All of these steps for processing rattan into hydroxyapatite, according to Tampieri, are carefully optimized to maintain the original microstructure of the wood. They are also affordable, requiring conventional furnaces, an autoclave, and basic chemical laboratory equipment. While the entire procedure for completely transforming native rattan into implant-capable hydroxyapatite takes approximately two to three weeks, the Italian team is investigating how to optimize and reduce the processing time.
It is likely that other woods can be processed to function as bone-replacement material, Tampieri comments. "The criteria for the proper selection of wood are a strongly oriented microstructure, the presence of channels wide enough for hosting cells, and the mechanical properties of the wood itself, which are reflected in the properties of the final bone scaffold." The research team is also trying to transform red oak and sipo into biomorphic hydroxyapatite, since their more-compact structure could be suitable for reproducing the dense cortical part of bone, which surrounds the spongy, more-porous and biologically active part.
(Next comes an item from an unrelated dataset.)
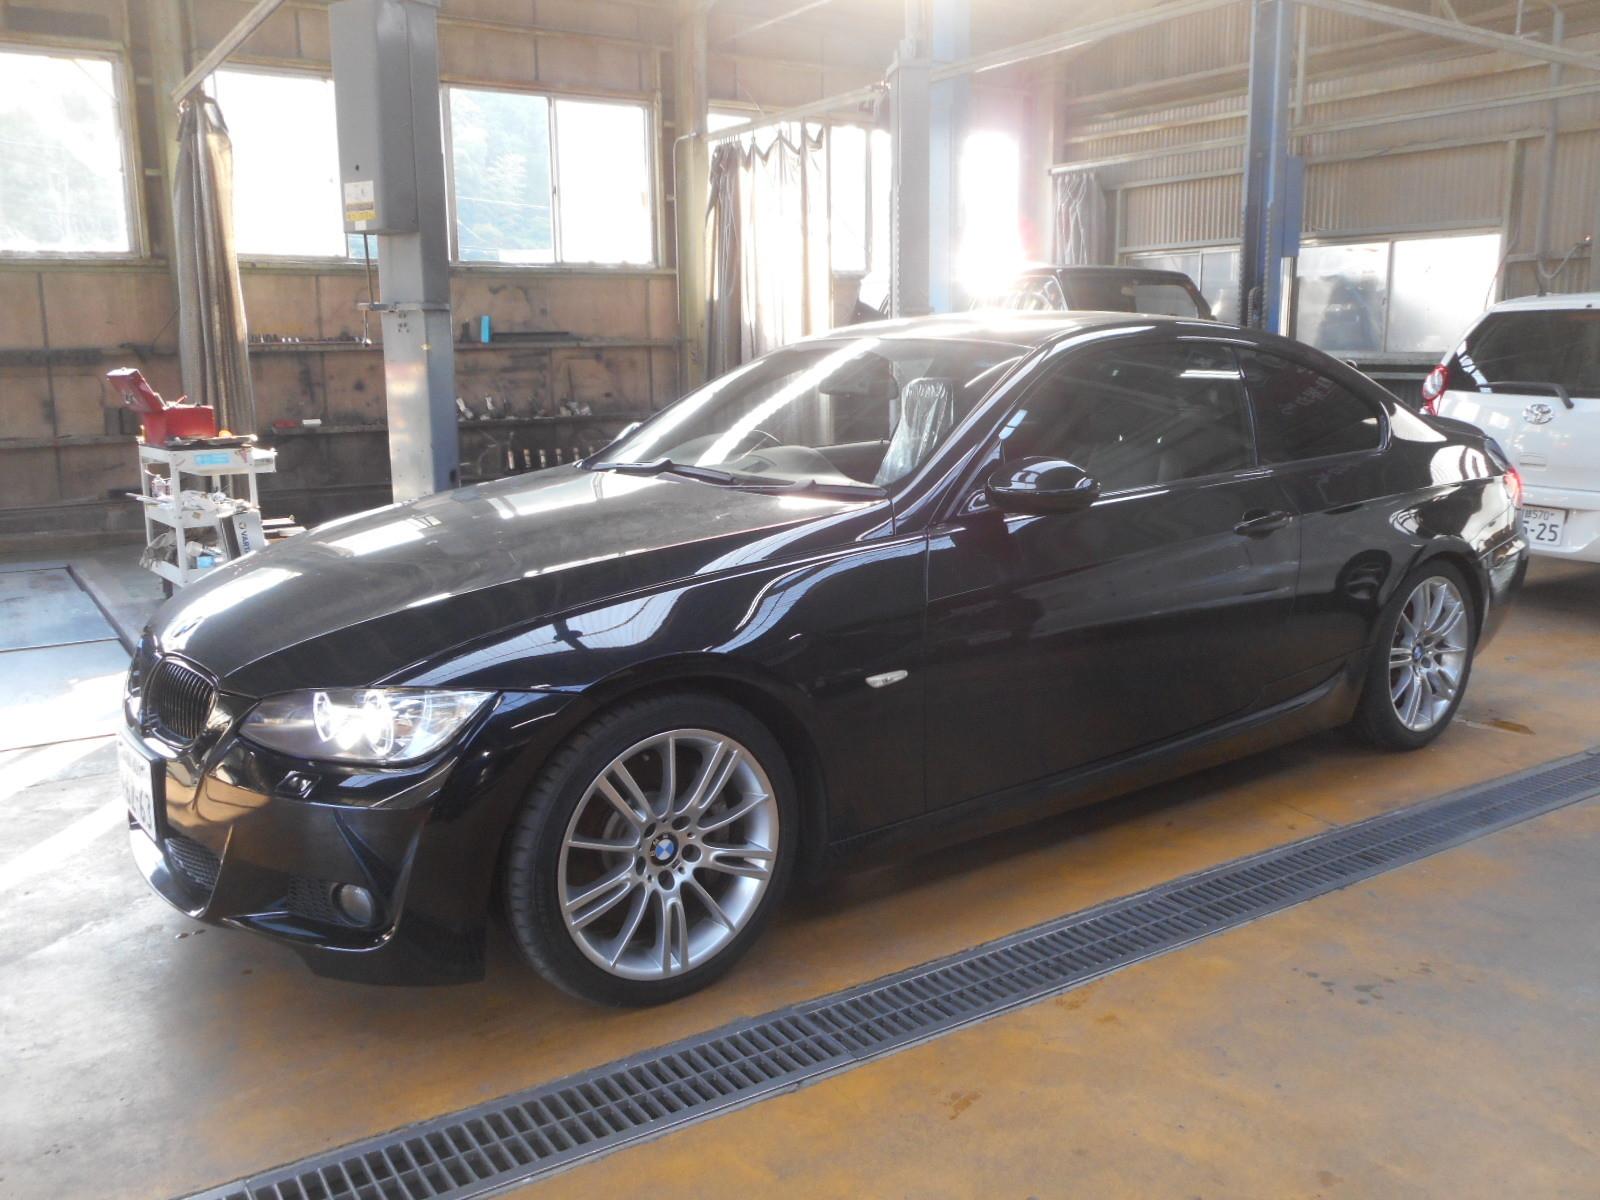 BMW335 クーペ (E90) エンジンオイル漏れ修理 納車整備_c0267693_17105395.jpg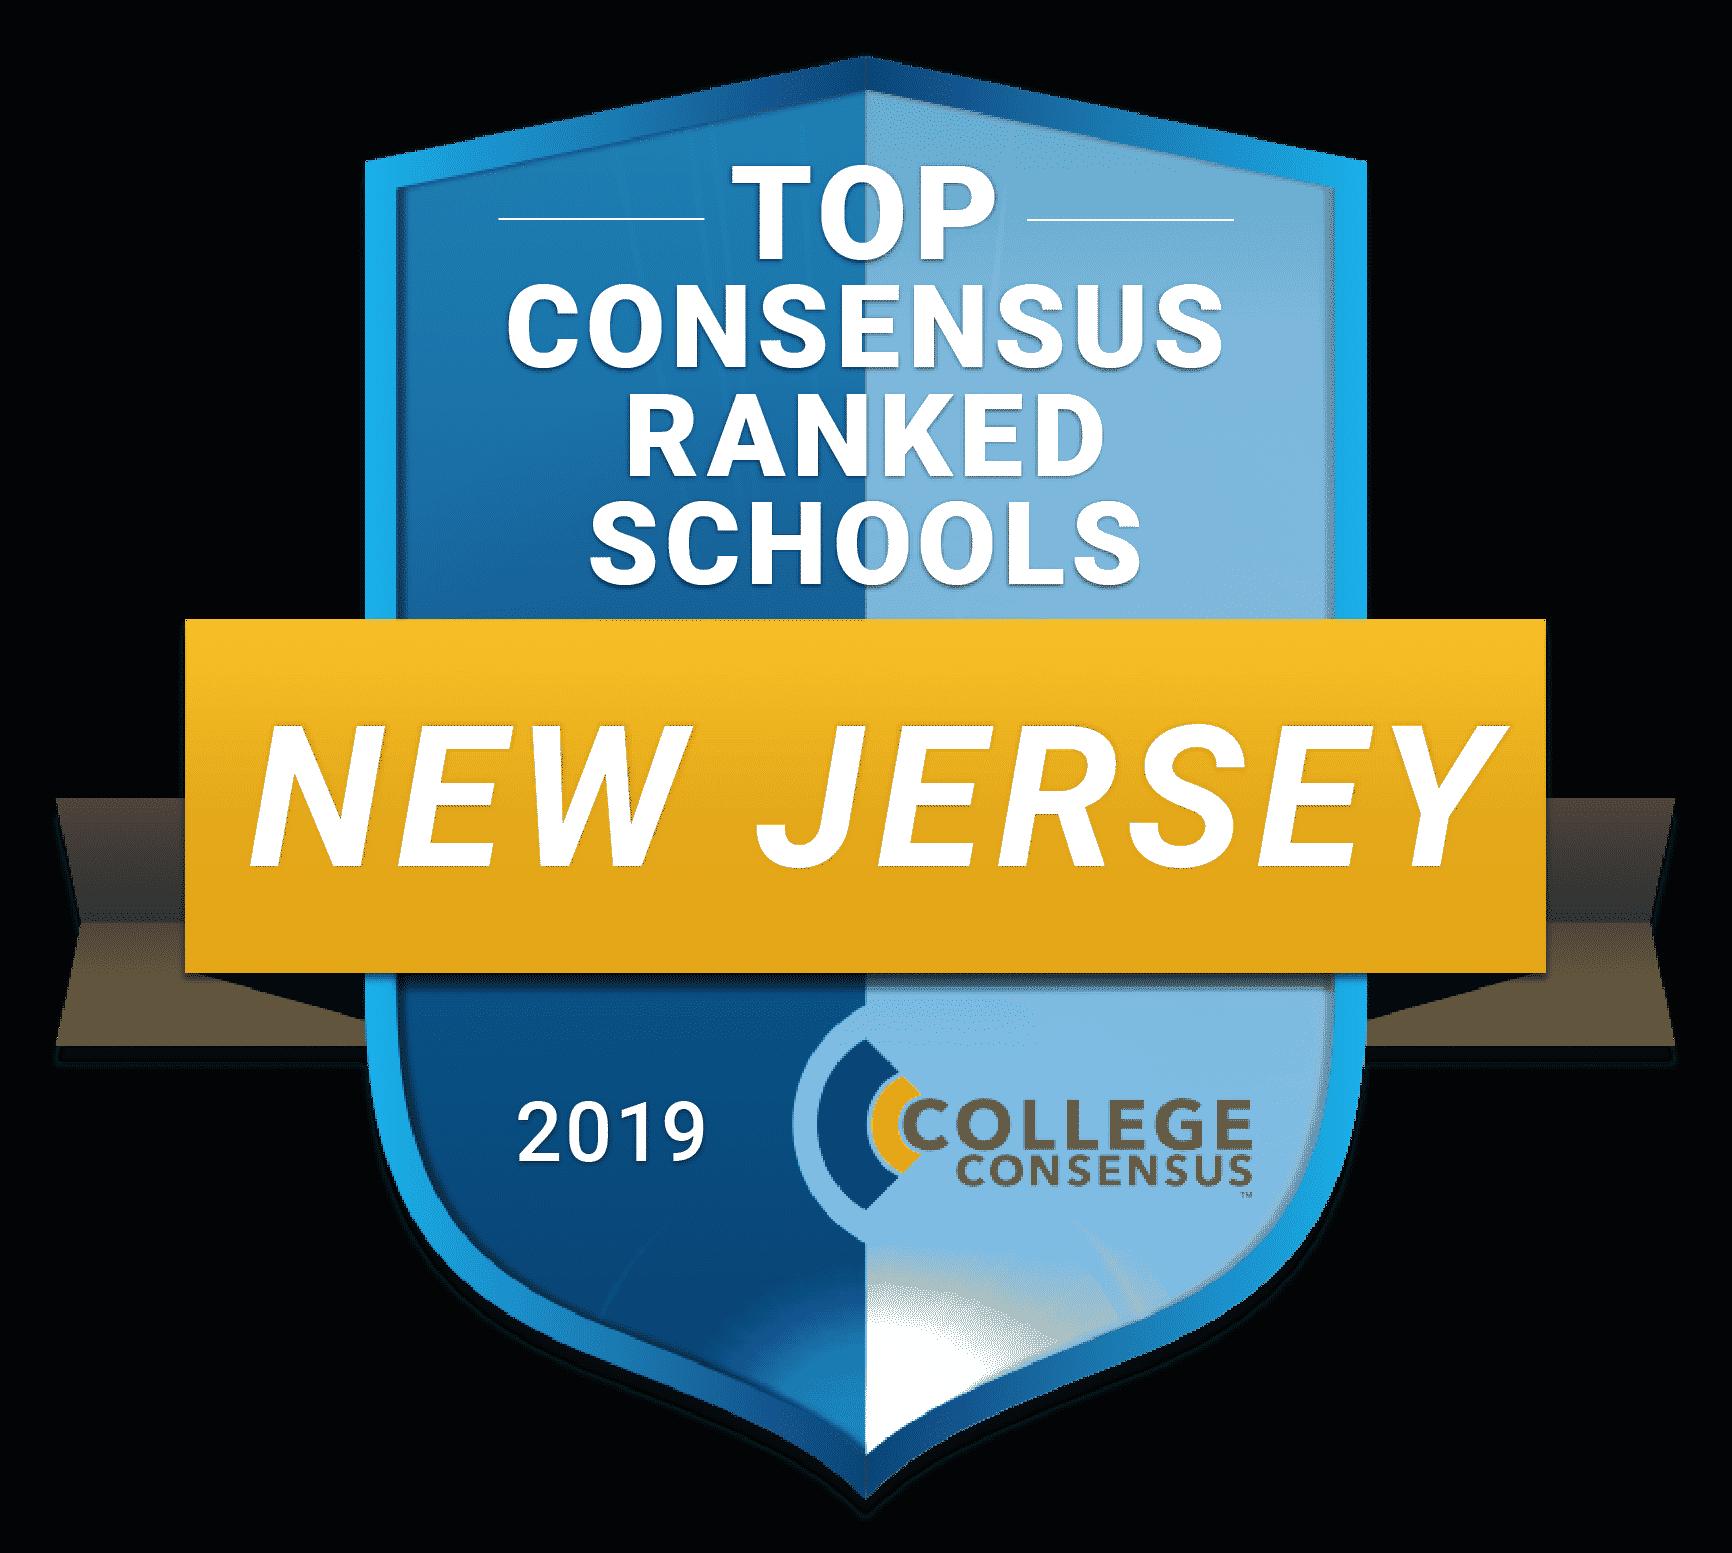 Consensus Ranked NJ new jersey 2019

In addition, other types of tropical woods are being studied.
Tampieri predicts that the rattan-based scaffold will be tested on human patients within five years. In the meantime, her team is focused on implanting the material into sheep with critical metatarsus defects, the purpose of which is to assess the capacity of wood-derived materials to integrate into existing bone after a few months and to evaluate the scaffolds' mechanical resistance. Validating the use of wood-derived materials as bone scaffolds, Tampieri hopes, will be the starting point for future activity devoted to strengthening reabsorbable implants made from wood-derived hydroxyapatite.